1.5.2 Comparing two means

The data set agstrat.csv contains a stratified random sample of 300 US counties

  • Sampling units: counties
  • Strata: region (North Central, Northeast, South, West)
  • response: number of farms in 1992 (farms92)
  • How can we answer the question:
    • Do the average number of farms per county differ in the western and north central regions in 1992?

Our basic plan for analysis looks like:

  1. Data: load and clean/manipulate (if needed)
  2. EDA: exploratory data analysis
  3. Inference: run tests/CIs and check assumptions!
  4. Conclusion: interpret results, avoid lots of stats jargon!

1.5.2.1 Data input

Read in the data and check variable names:

agstrat <- read.csv("http://people.carleton.edu/~kstclair/data/agstrat.csv")
names(agstrat)

Note: Here we are reading this data into R using a .csv that can be accessed with the url above. In the Appendix Data Section C.2, we used the R package SDaA to load this data into R. The one difference between these two methods is how they treat our categorical variables, like region. We get a “character” categorical variable using read.csv while the SDaA package uses “factor” categorical variables. Big picture: It doesn’t matter much how these variables are stored (character vs factor) right now, but some commands like levels only work for factor variable types!

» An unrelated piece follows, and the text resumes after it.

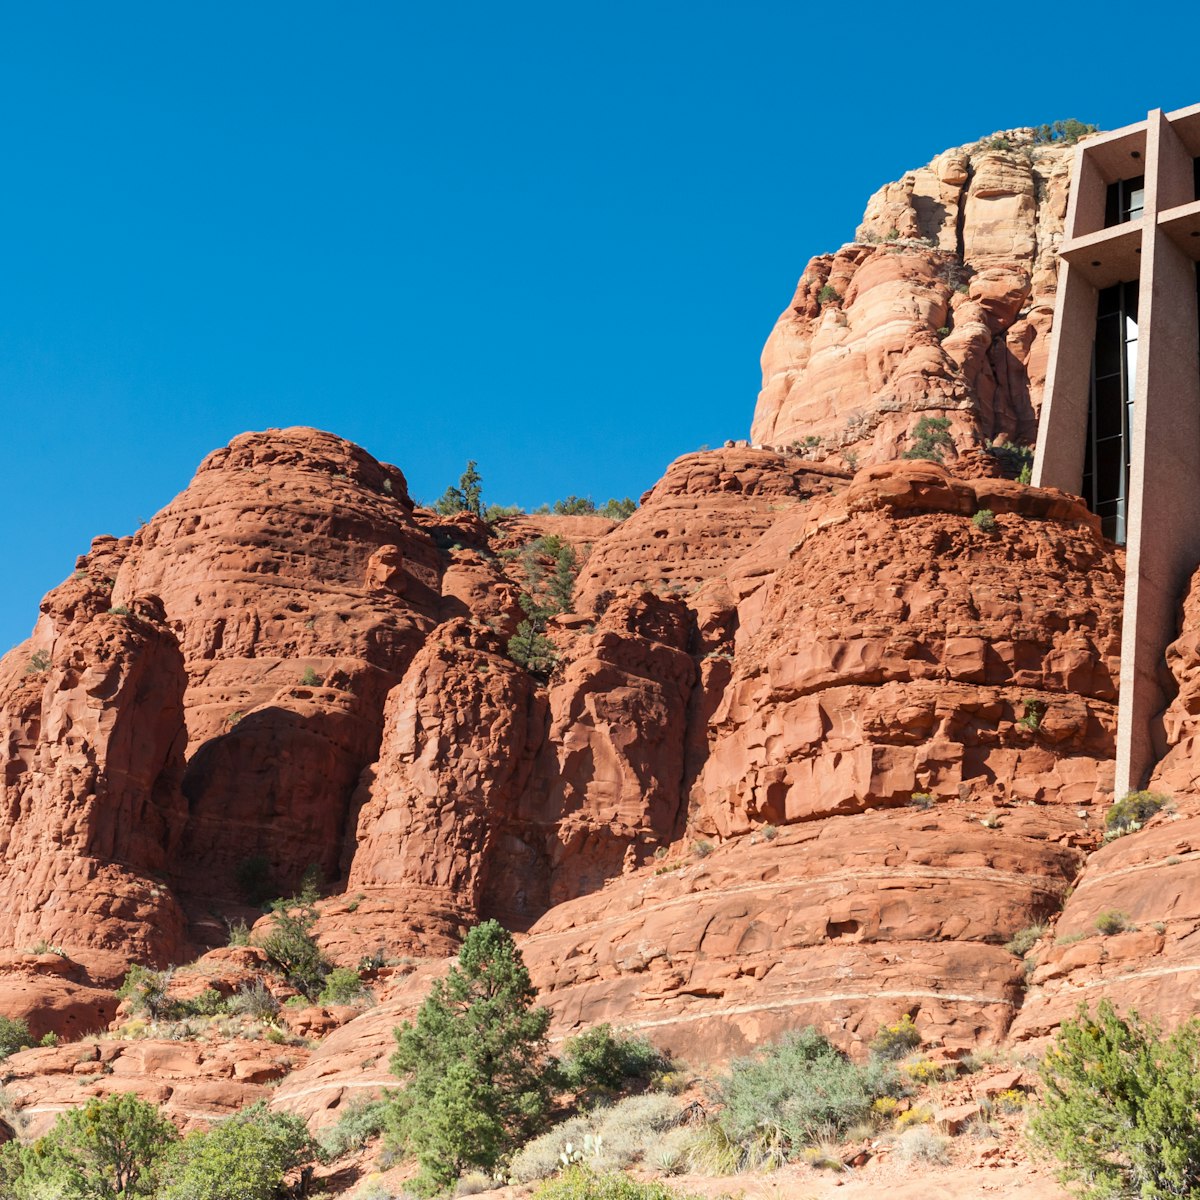 USA, Arizona, Yavapai county. Sedona, View of Chapel of Holy Cross
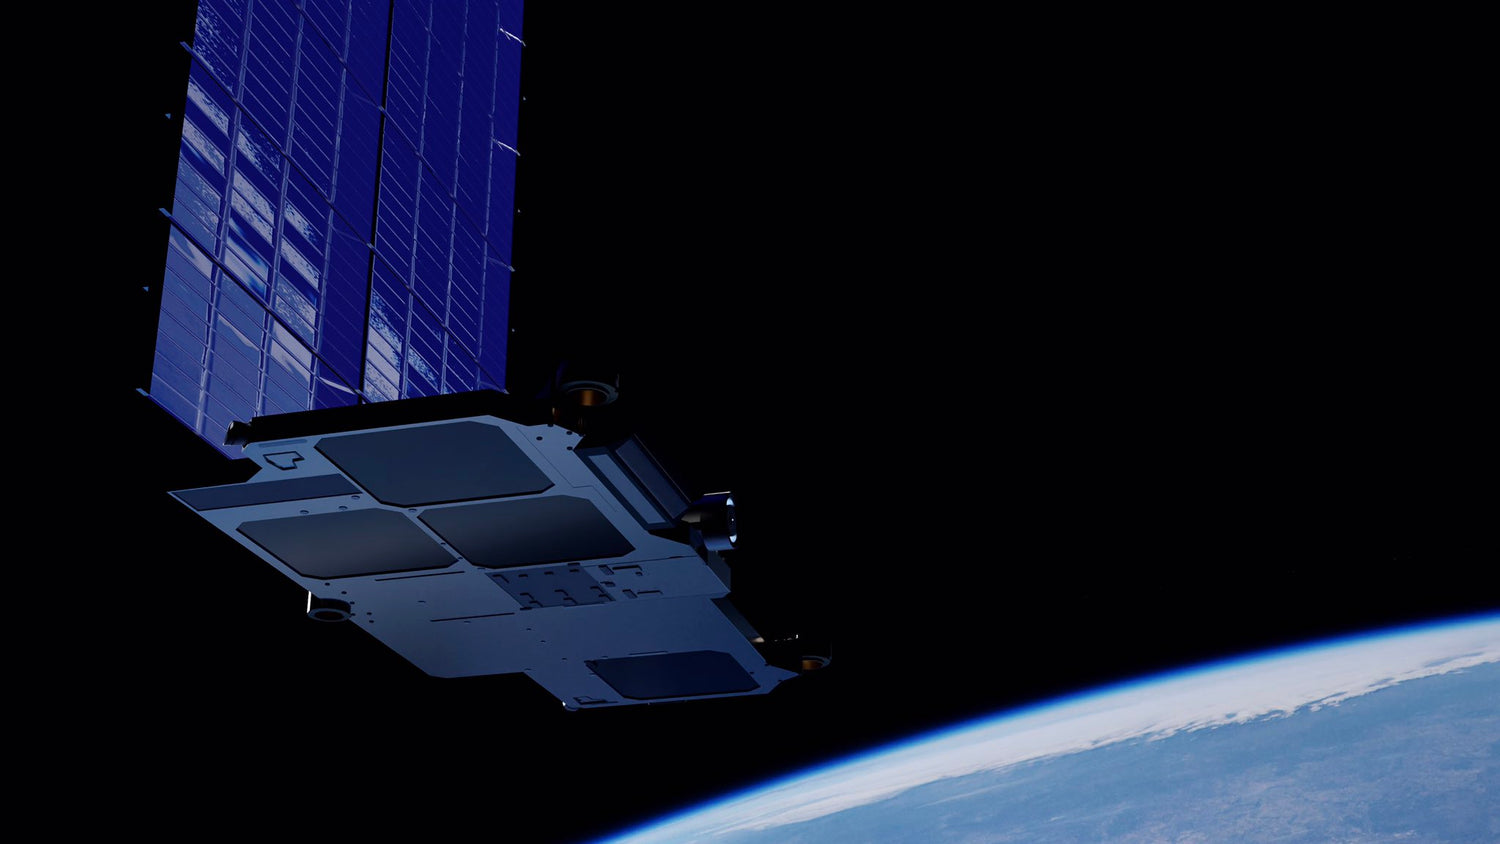 Elon Musk's Starlink satellite internet targets late 2021 launch

(1a) How many counties were sampled from each region?

table(agstrat$region)

We want to focus on W and NC for our comparison. I will do a lot of data manipulation in this class using the R package dplyr. This package is already available on the mirage server, but if you are using a newly installed version of Rstudio on your computer you will need to install the package first. (See Appendix A.4).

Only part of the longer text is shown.